Les signes physiques sont : la tachycardie, un bruit de galop, un souffle d’insuffisance mitrale, des
râles crépitants.
b) Pour l’insuffisance cardiaque droite les signes comprennent le foie cardiaque (congestion
hépatique, la turgescence des veines jugulaires l’œdème des membres inférieurs et l’oligurie).
c) L’insuffisance cardiaque est dite globale devant l’association des signes gauche et droite.
2) Insuffisance cardiaque aiguë ou chronique
a) Insuffisance cardiaque aiguë
Les mécanismes d’adaptation n’ont pas le temps de se mettre en place (exemple : infarctus du
myocarde, bloc auriculo-ventriculaire aigu, rupture de cordage mitral, embolie pulmonaire…).
b) Insuffisance cardiaque chronique
L’insuffisance cardiaque peut être longtemps bien tolérée grâce aux mécanismes d’adaptation.

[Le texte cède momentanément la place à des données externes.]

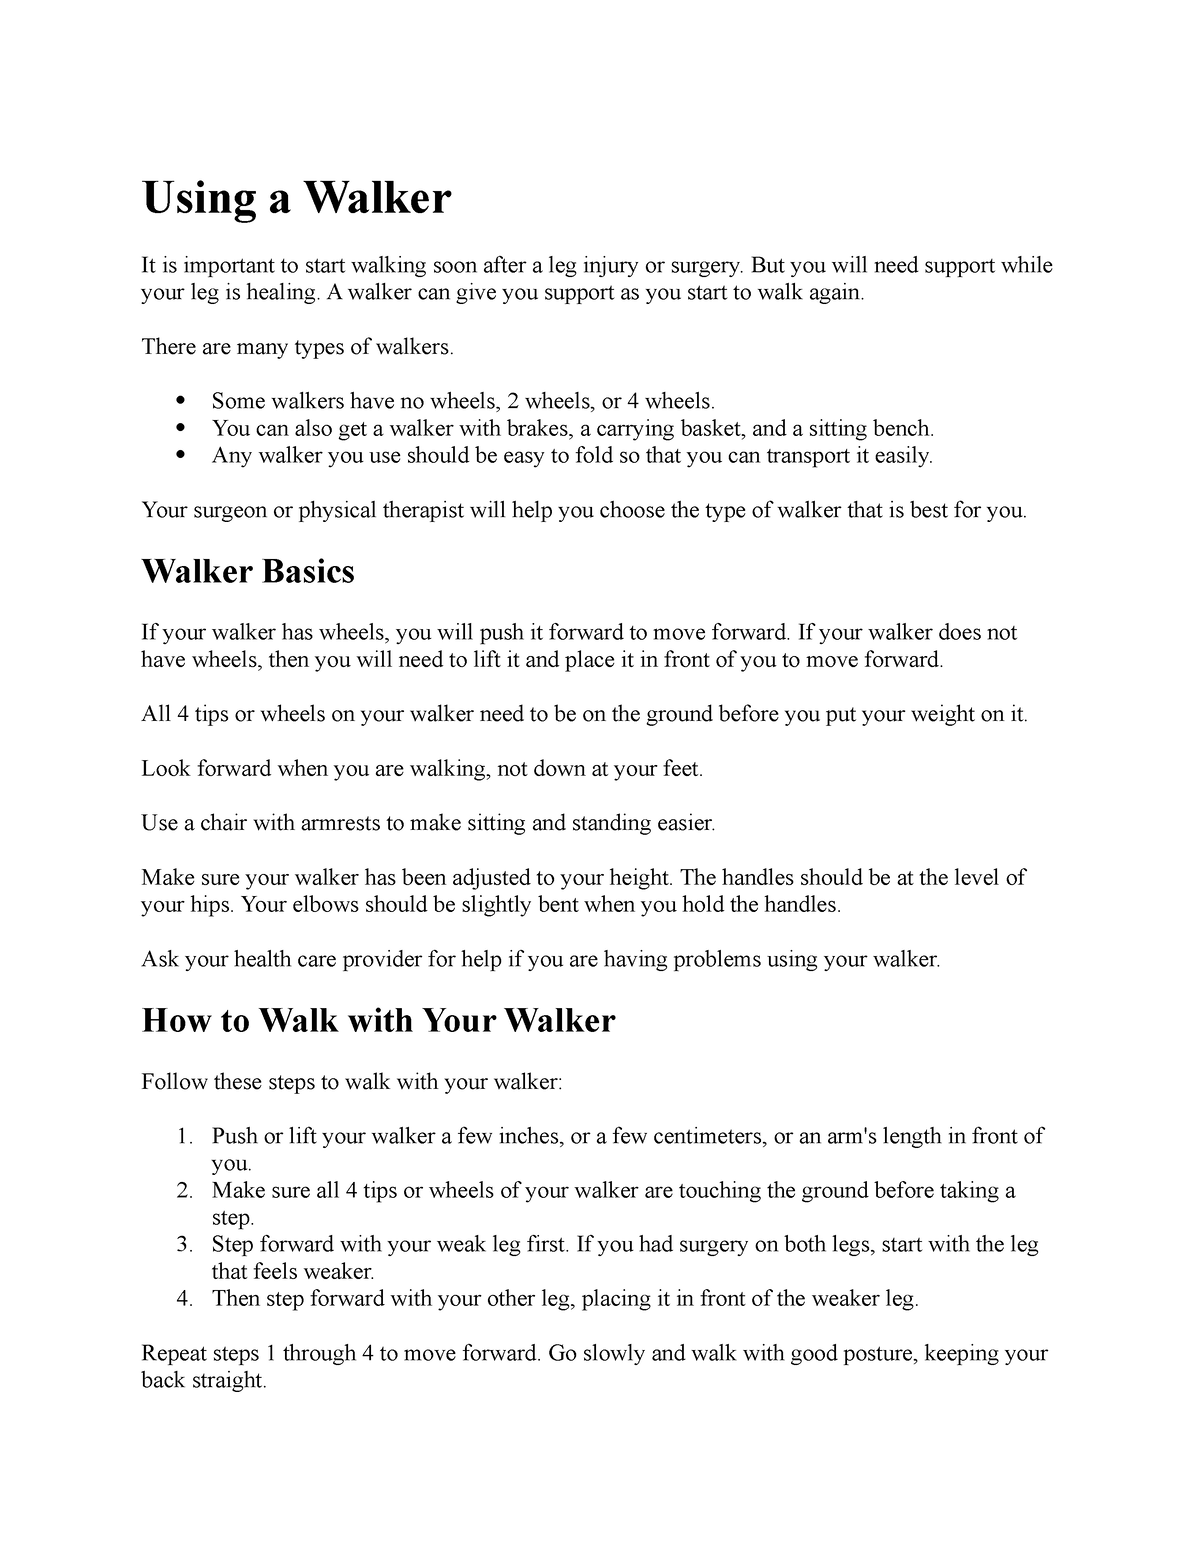 Using a walker - Gerontology Nursing Notes - Using a Walker It is ...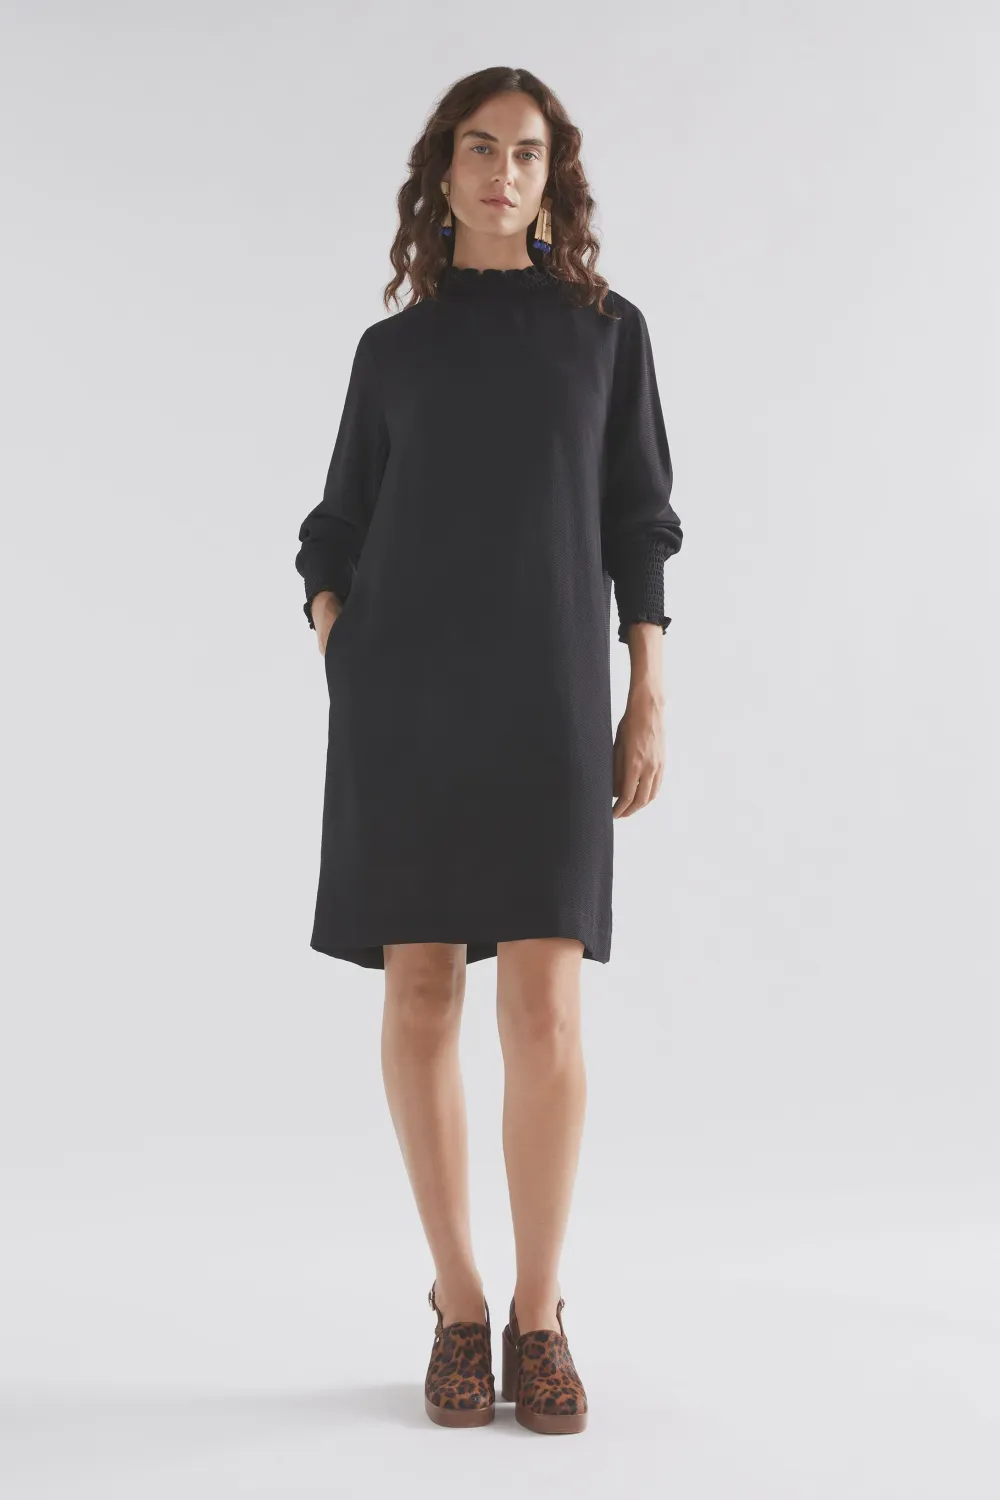 Veda Dress, Colour: Black, Size: 6

Des facteurs surajoutés peuvent déclencher une décompensation aiguë (infection, trouble du rythme,
arrêt de traitement…).
3) Insuffisance cardiaque de bas débit ou de haut débit
Une baisse du débit cardiaque au repos ou à l’effort caractérise l’insuffisance cardiaque apparaissant
dans la plupart des formes de cardiopathies (congénitale, valvulaire, hypertensive, coronarienne,
cardiomyopathie…).Un certain nombre d’affections sont responsables d’insuffisance cardiaque à
haut débit : thyréotoxicose, fistule artério-veineuse, Béribéri, maladie de Paget, anémie…etc.
4) Insuffisance cardiaque systolique ou diastolique
L’insuffisance cardiaque peut être due à une anomalie de la fonction systolique, conduisant à un
défaut d’expulsion du sang (insuffisance cardiaque systolique) ou à une anomalie de la fonction
diastolique, conduisant à un défaut de remplissage ventriculaire (insuffisance cardiaque
diastolique).Sur le plan clinique, il peut s’avérer difficile de faire la différence entre un
dysfonctionnement ventriculaire systolique et diastolique ; le tableau ci-dessous résume leurs
principales caractéristiques.
Caractéristiques cliniques de l’insuffisance cardiaque systolique et diastolique
Insuffisance cardiaque Systolique Diastolique
Antécédents IDM ancien ou aigue HTA ; OAP, ischémie myocardique aigue
Examen clinique Cardiomégalie, Galop B3, Insuffisance
mitrale chronique ou aortique
Taille du cœur normal ou modérément
agrandie, galop B4, souffle systolique
d’éjection
Rx thorax cardiomégalie Taille du cœur normal
Fraction d’éjection < 40 % > 40 % et E/A < 0,60 (normale >0,75)
Echocardiographie Cavités dilatées avec parois VG fines VG à parois épaisses hyper dynamiques
Traitement Digitaliques, IEC, Diurétiques Diurétiques*, Inhibiteurs calciques,
B bloquants ; IEC
VII/ PARTICULARITES CLINIQUES DE L’INSUFFISANCE CARDIAQUE AU GRAND AGE
L’insuffisance cardiaque est un syndrome clinique à une anomalie de la fonction ventriculaire dont le
diagnostic est souvent facile à établir, si le contexte est évocateur. Mais plus délicat chez un patient
présentant une forme fruste ou atypique tel est le cas du sujet âgé les symptômes sont souvent
intriqués du fait de l’existence de pathologies associées (respiratoire, anémie, déconditionnement
physique…).
A/ Signes fonctionnels
1) La dyspnée : La dyspnée d’effort est souvent difficilement interprétable chez les patients âgés dont
la mobilité est souvent limitée (causes pulmonaire et cardiaque peuvent coexister). La dyspnée de
repos peut être absente ; l’orthopnée reste un bon argument en faveur de l’origine cardiaque de la
dyspnée.
2) Signes de bas débit : L’asthénie est un deuxième symptôme fréquemment retrouvé souvent en
rapport avec un bas débit ou une hypotension artérielle. Certains signes généraux non spécifiques tels
que la confusion mentale, les troubles du comportement, la désorientation temporo-spaciale, les
troubles du sommeil, les chutes, la perte d’autonomie, peuvent parfois représenter la seule
manifestation clinique de l’insuffisance cardiaque chez le sujet âgé.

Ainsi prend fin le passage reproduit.